A group gathered to make dinner, the air filled with the smell of saucy beans and toasting tortillas, and the background buzz of children running through the room. Conversation ebbed and flowed around the simple directions being called out to keep the assembly line moving.
Dinner was not just being made for everyone in the shelter. The residents, refugees who fled home from all across Latin America, were making enough food to take to another group of refugees in an even worse situation—those living in tents in a nearby park.
Generosity comes naturally to most of our refugee friends. These friends sheltering in Mexico are no different.
Imagine yourself in this kitchen for a moment. How does it feel to picture yourself there among these friends?
Now what if I told you that many of them are part of the LGBTQ+ community? Does that change how you feel?
If you view the world primarily through an American lens, you may assume things have largely gotten easier for the LGBTQ community in recent years. Same-sex marriage is now legal in all 50 US states. And because of a recent Supreme Court ruling, most employees in the US can no longer be fired for their sexual orientation or gender identity.
But throughout much of the world, the situation is very different. Especially if you’re an LGBTQ refugee. They are doubly marginalized. They are fleeing not just violence and war in their home countries, but also an all-too-real—and sometimes all-too-lethal—threat to their very being.
For many of our friends who have taken shelter in Mexico, fleeing home was their only way to stay alive.
Coming out as LGBTQ can be a fraught time for anyone in the community, including Francis. Francis’ dad is a pastor in a country known for machismo, and Francis was coming out as a transgender woman.
“To be quite honest, one feels really frustrated not being accepted by the world for who you are. Especially in my country, you feel honestly repressed all the time. Either by the people or the maras [gangs in Honduras], because they’ll kill you. Or by the church, because they confine you to these boxes—you have to be heterosexual in order to be accepted. So it feels pretty bad. Yeah.”

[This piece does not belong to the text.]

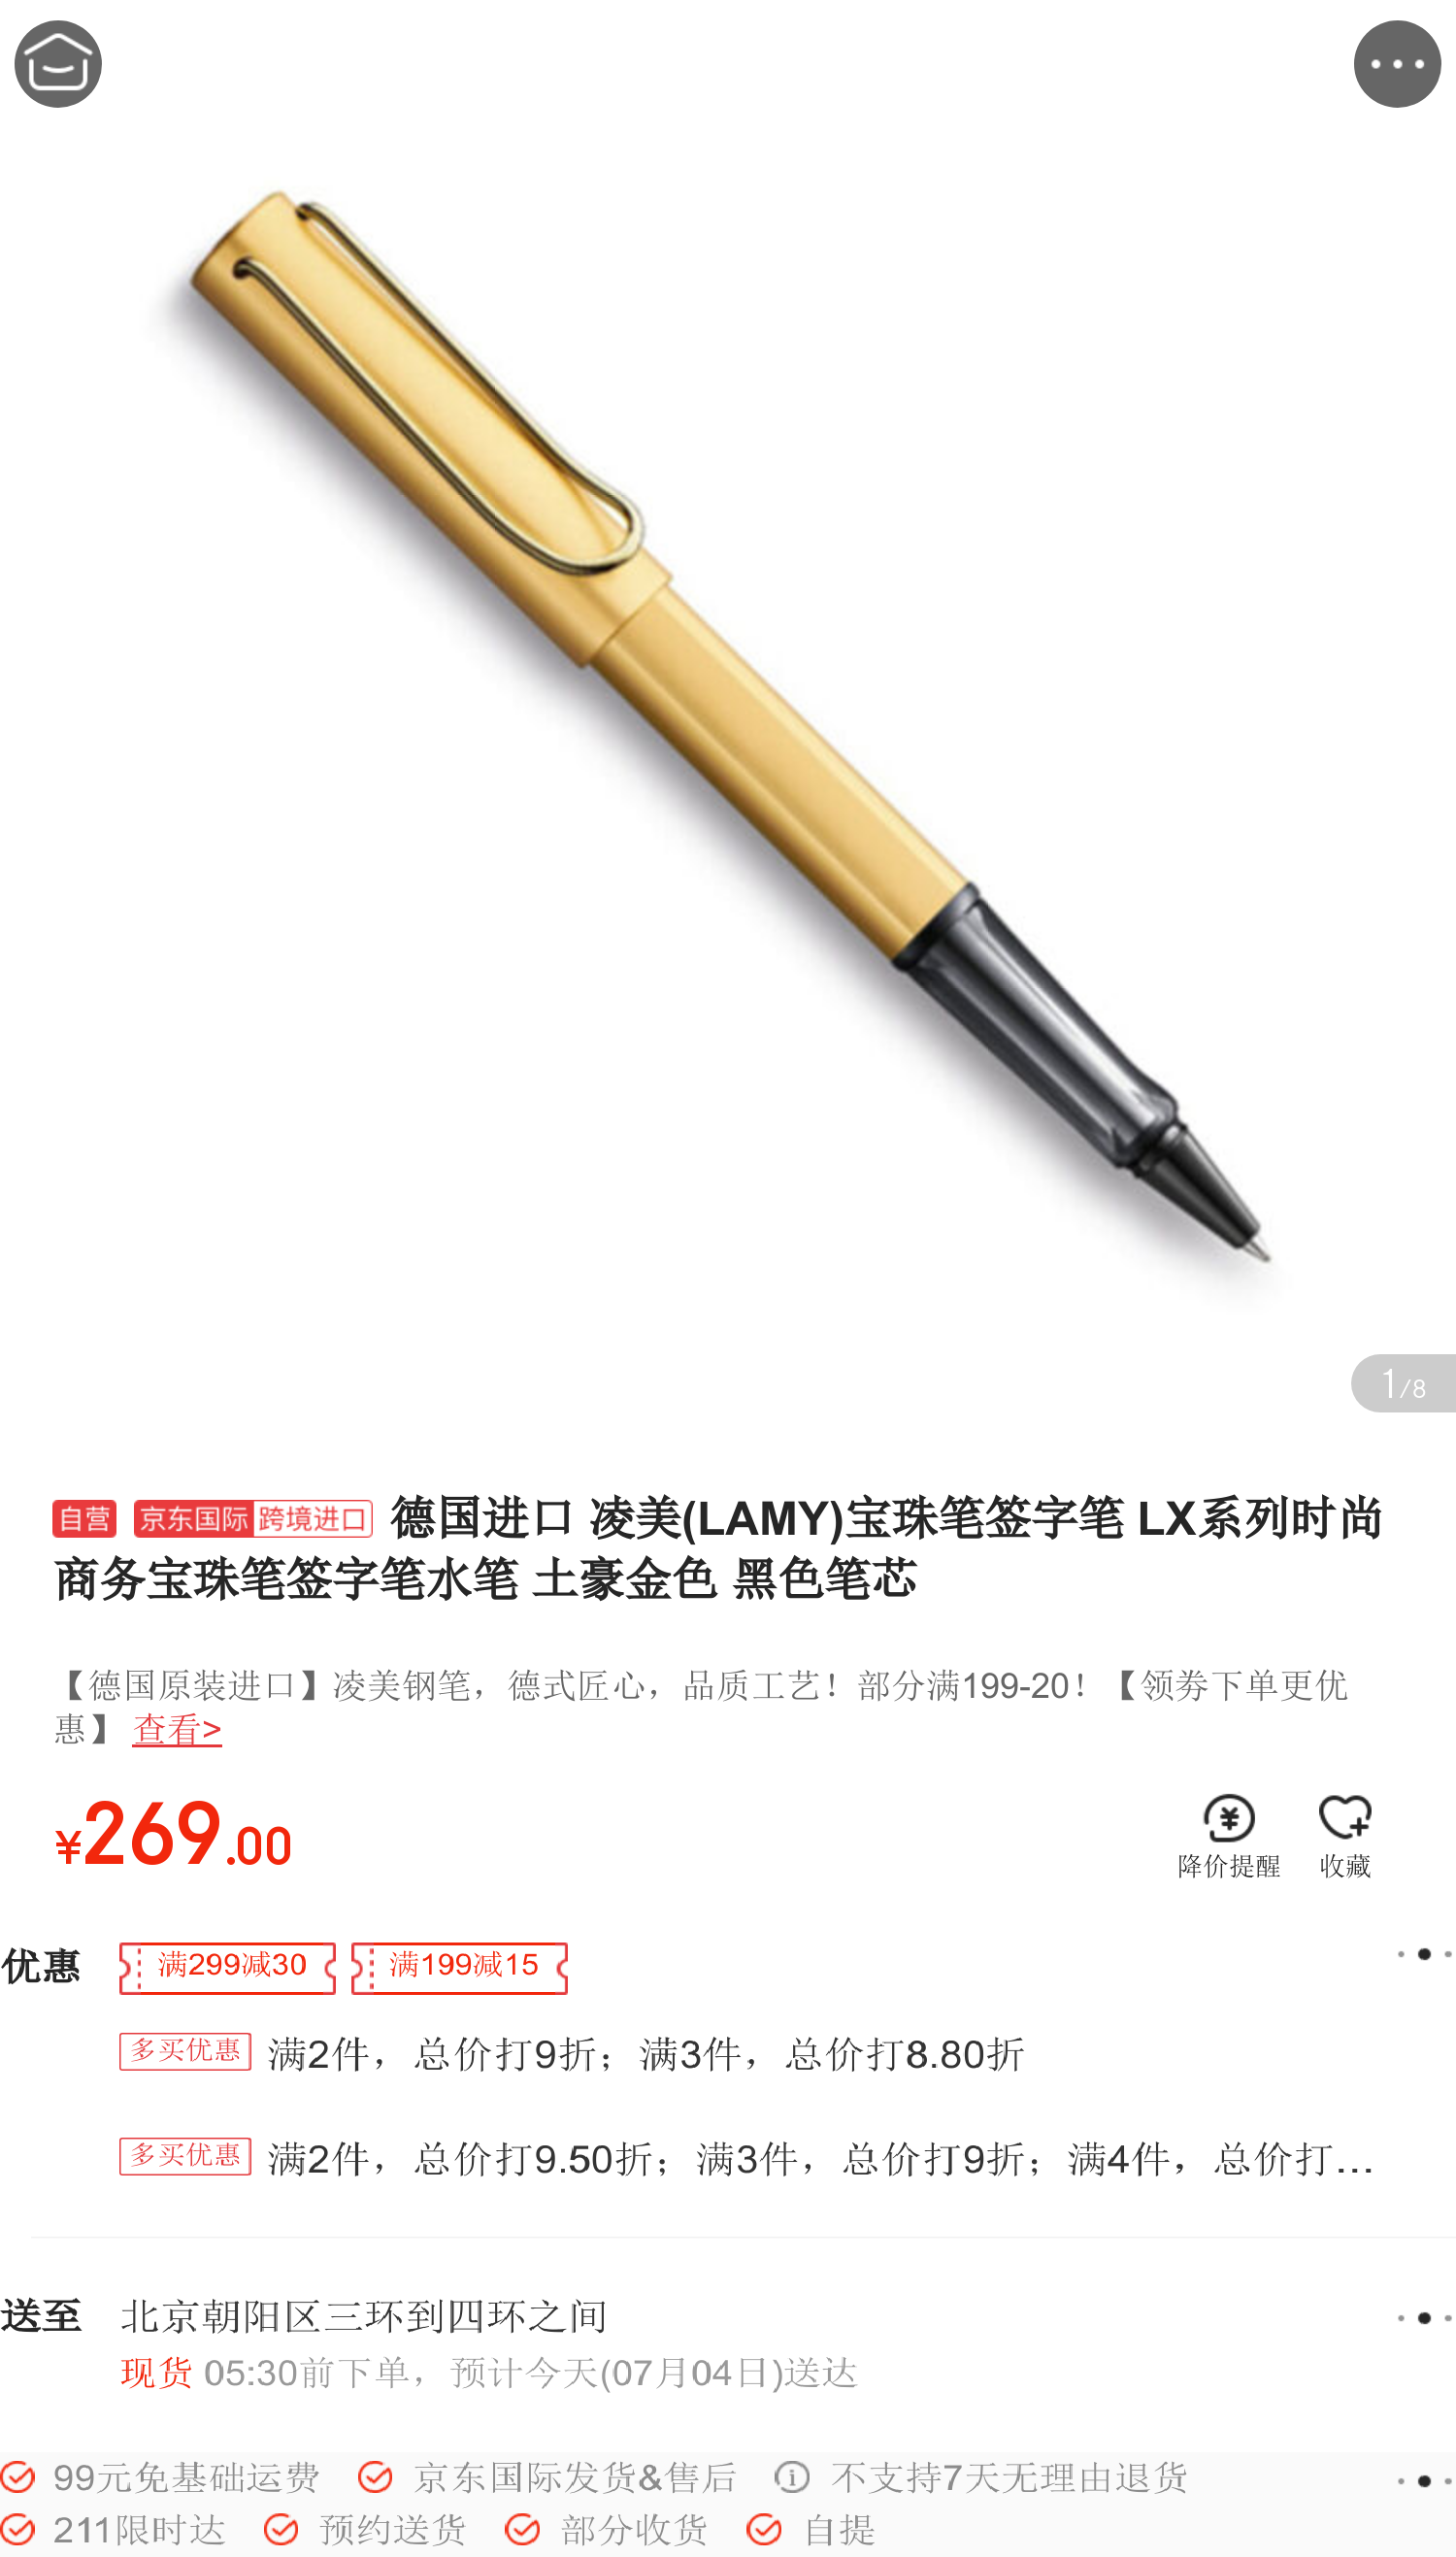 德国进口 凌美(lamy)宝珠笔签字笔 lx系列时尚商务宝珠笔签字笔水笔

The boxes we create, the ones that define who is worthy of love and acceptance and who is not, so often have a rigidity that tears people and communities apart. Francis’ father lost his position in the church when it learned that he has a transgender child. He lost his ranking in the community.
Francis, meanwhile, lost home. Francis left after losing hope that everything would go back to the way things had been. That hasn’t happened. The stain of “less than” that was poured out onto Francis by the community ran onto Francis’ family too.
For others, coming out meant risking their lives. They lost family and friends, careers, and community. Some survived attempts on their life before they finally decided to flee.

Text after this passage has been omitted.